### The task
Look for the line containing "Freelance wayfinding design" and the line containing "The stuck lorry" in the entries below. Copy those two and all lines between them exactly, leaving out pictures.

### Exercise input
^^^^

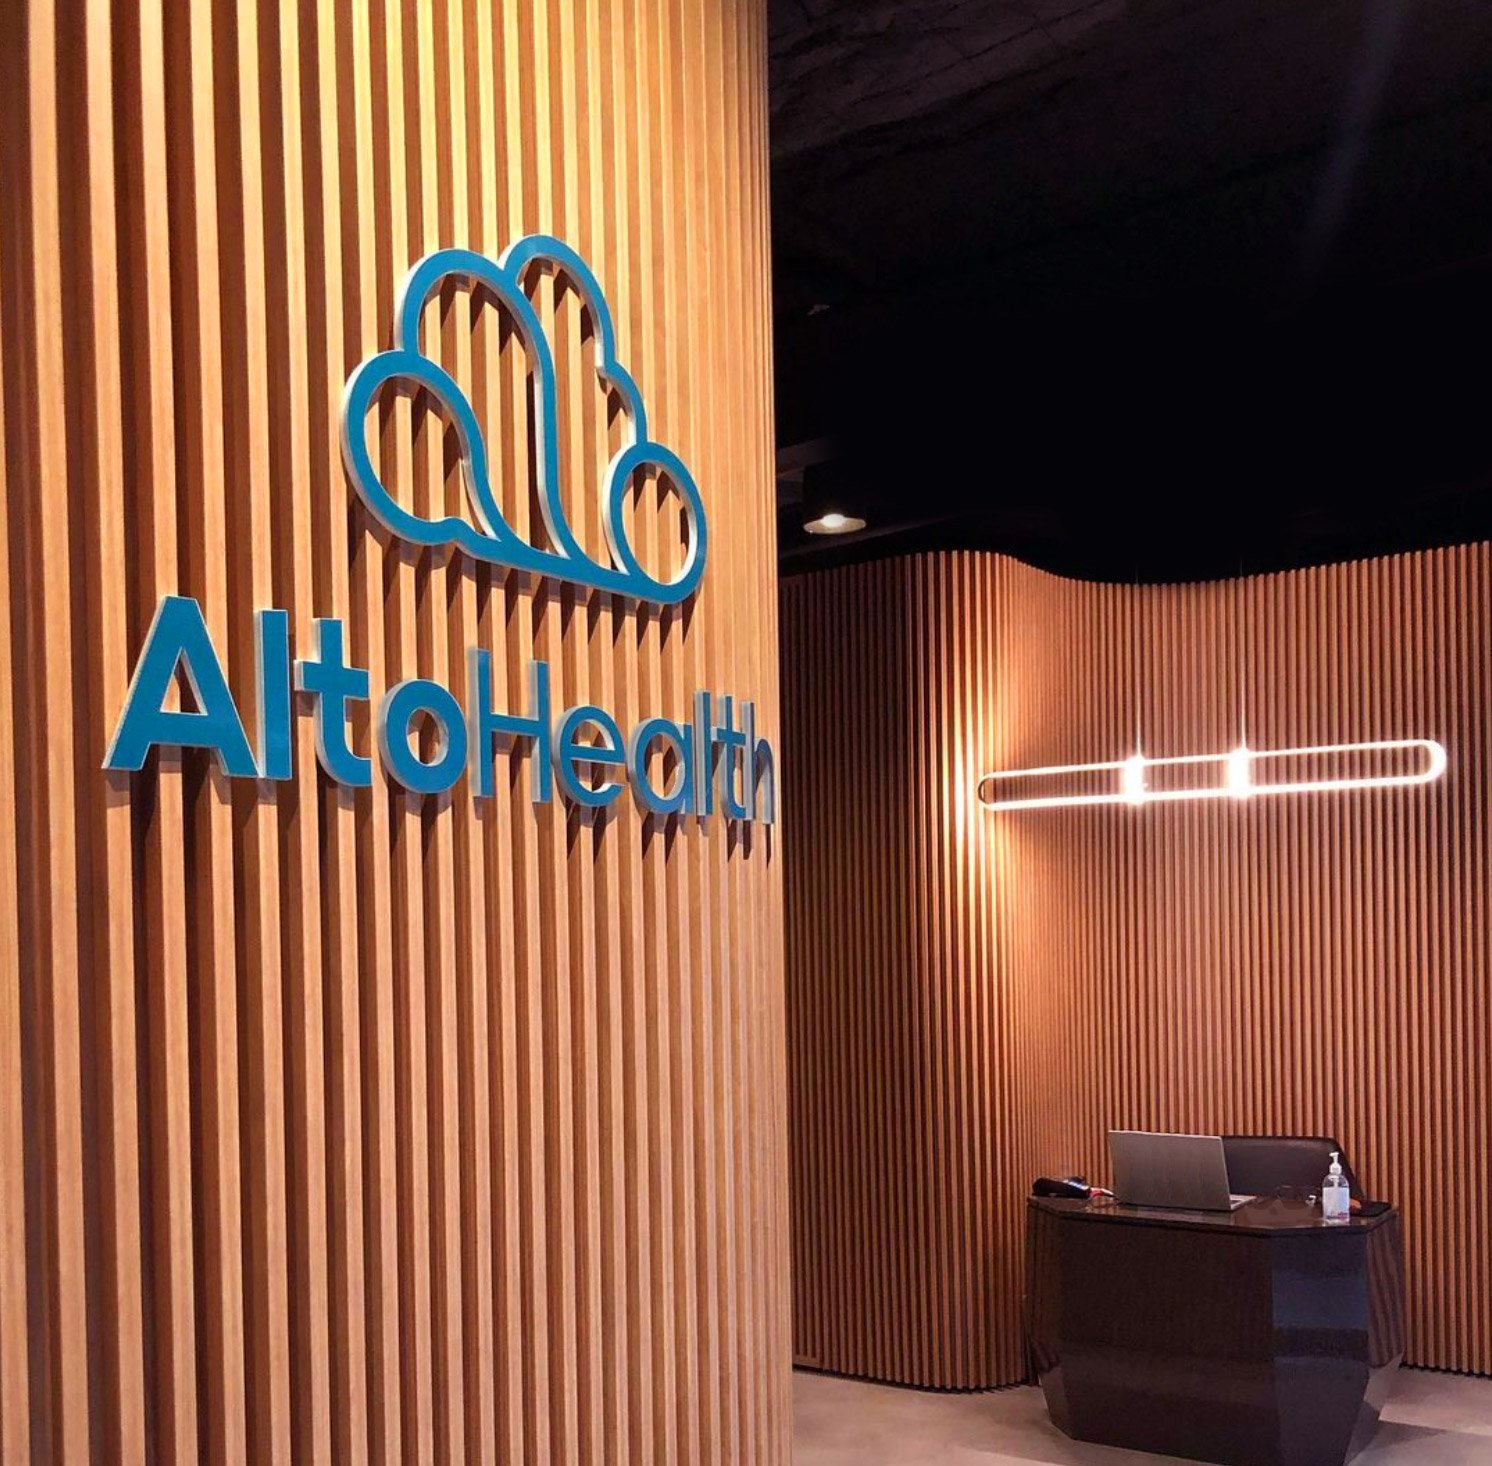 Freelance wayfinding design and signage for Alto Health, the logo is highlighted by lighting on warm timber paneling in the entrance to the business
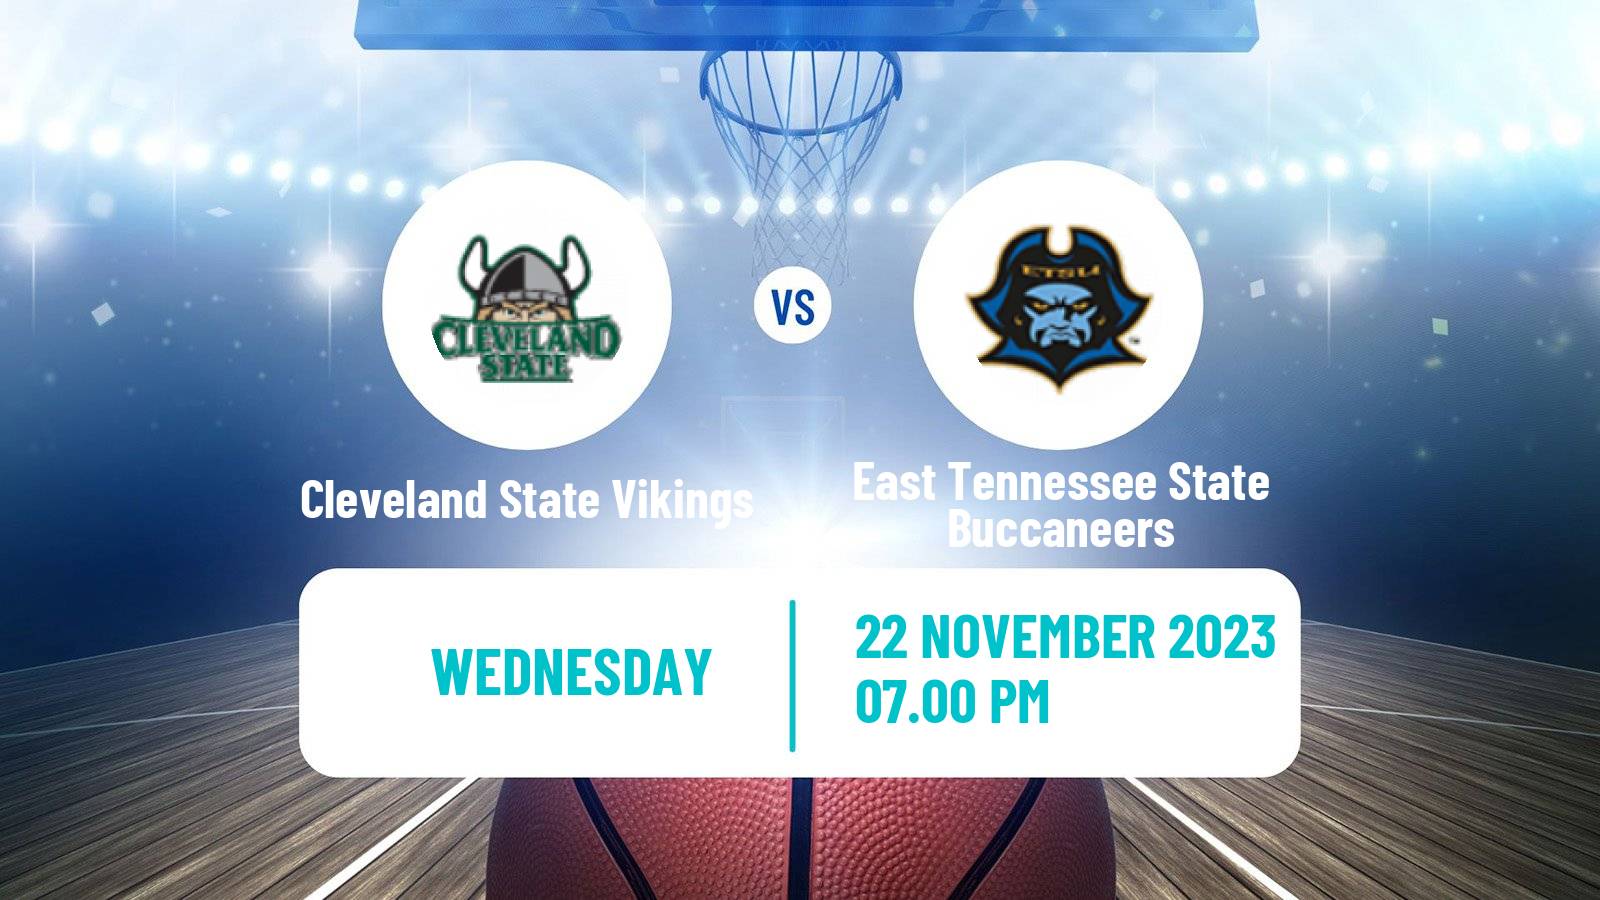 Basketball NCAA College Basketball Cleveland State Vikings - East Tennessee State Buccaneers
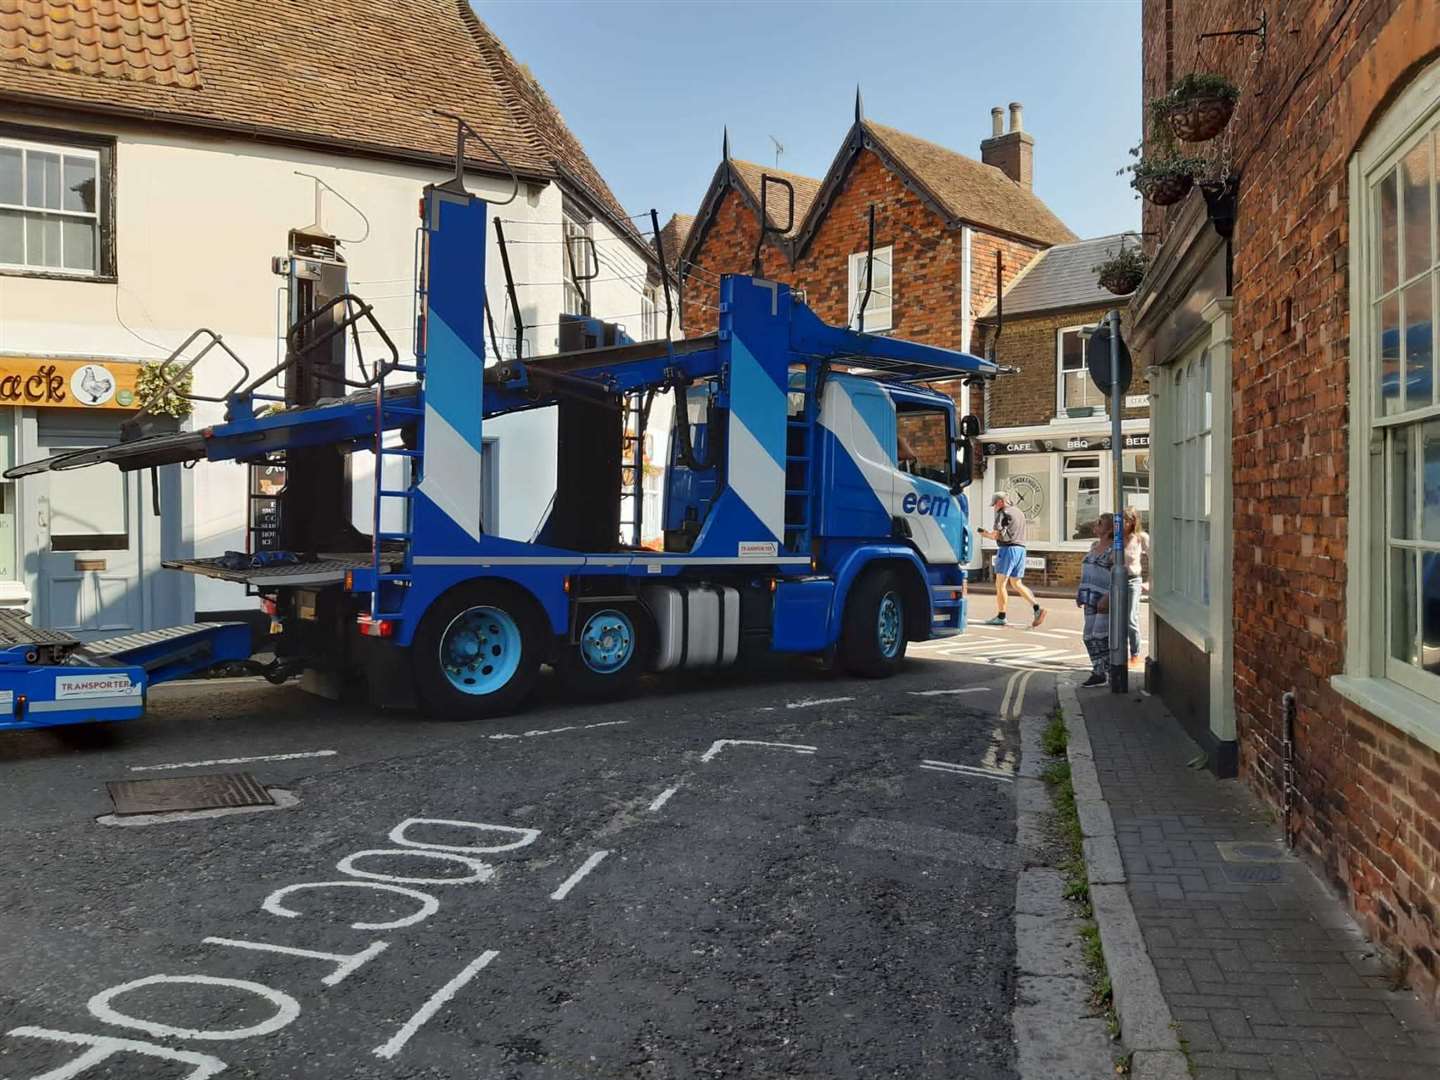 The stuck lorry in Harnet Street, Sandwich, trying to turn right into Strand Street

^^^^

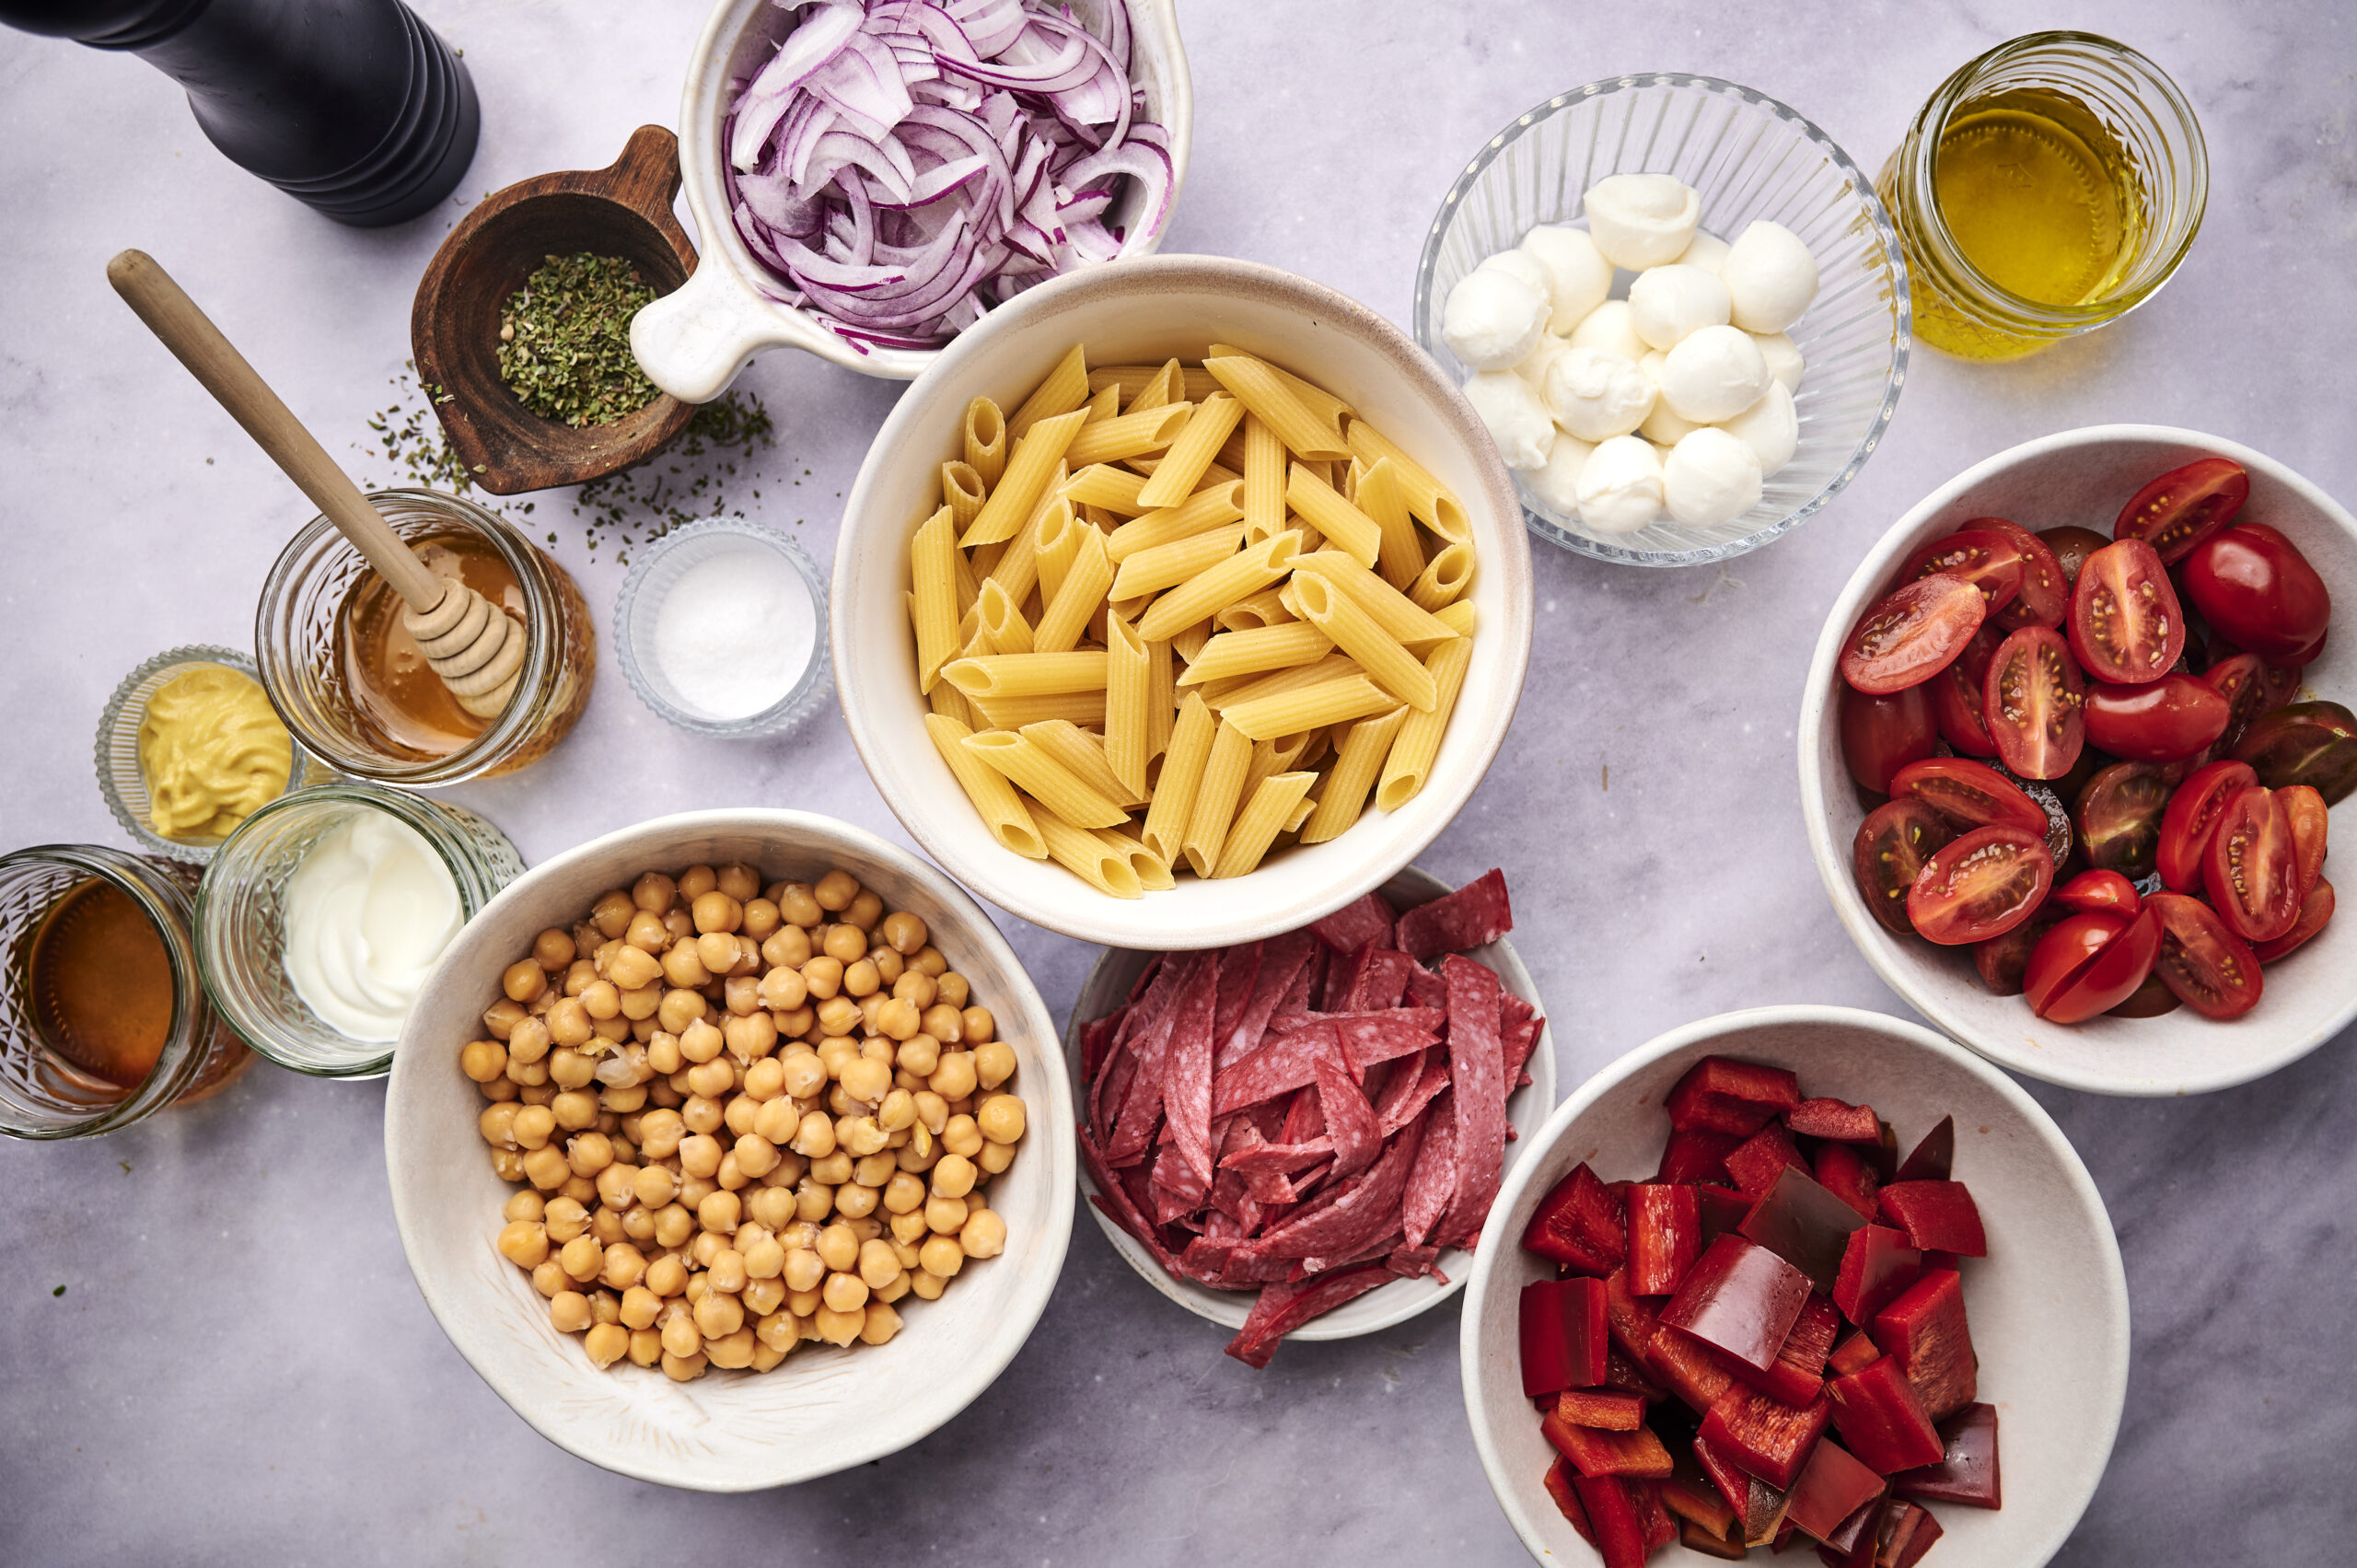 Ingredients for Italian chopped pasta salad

^^^^

### Solution below
 Freelance wayfinding design and signage for Alto Health, the logo is highlighted by lighting on warm timber paneling in the entrance to the business
 Basketball NCAA College Basketball Cleveland State Vikings - East Tennessee State Buccaneers
 The stuck lorry in Harnet Street, Sandwich, trying to turn right into Strand Street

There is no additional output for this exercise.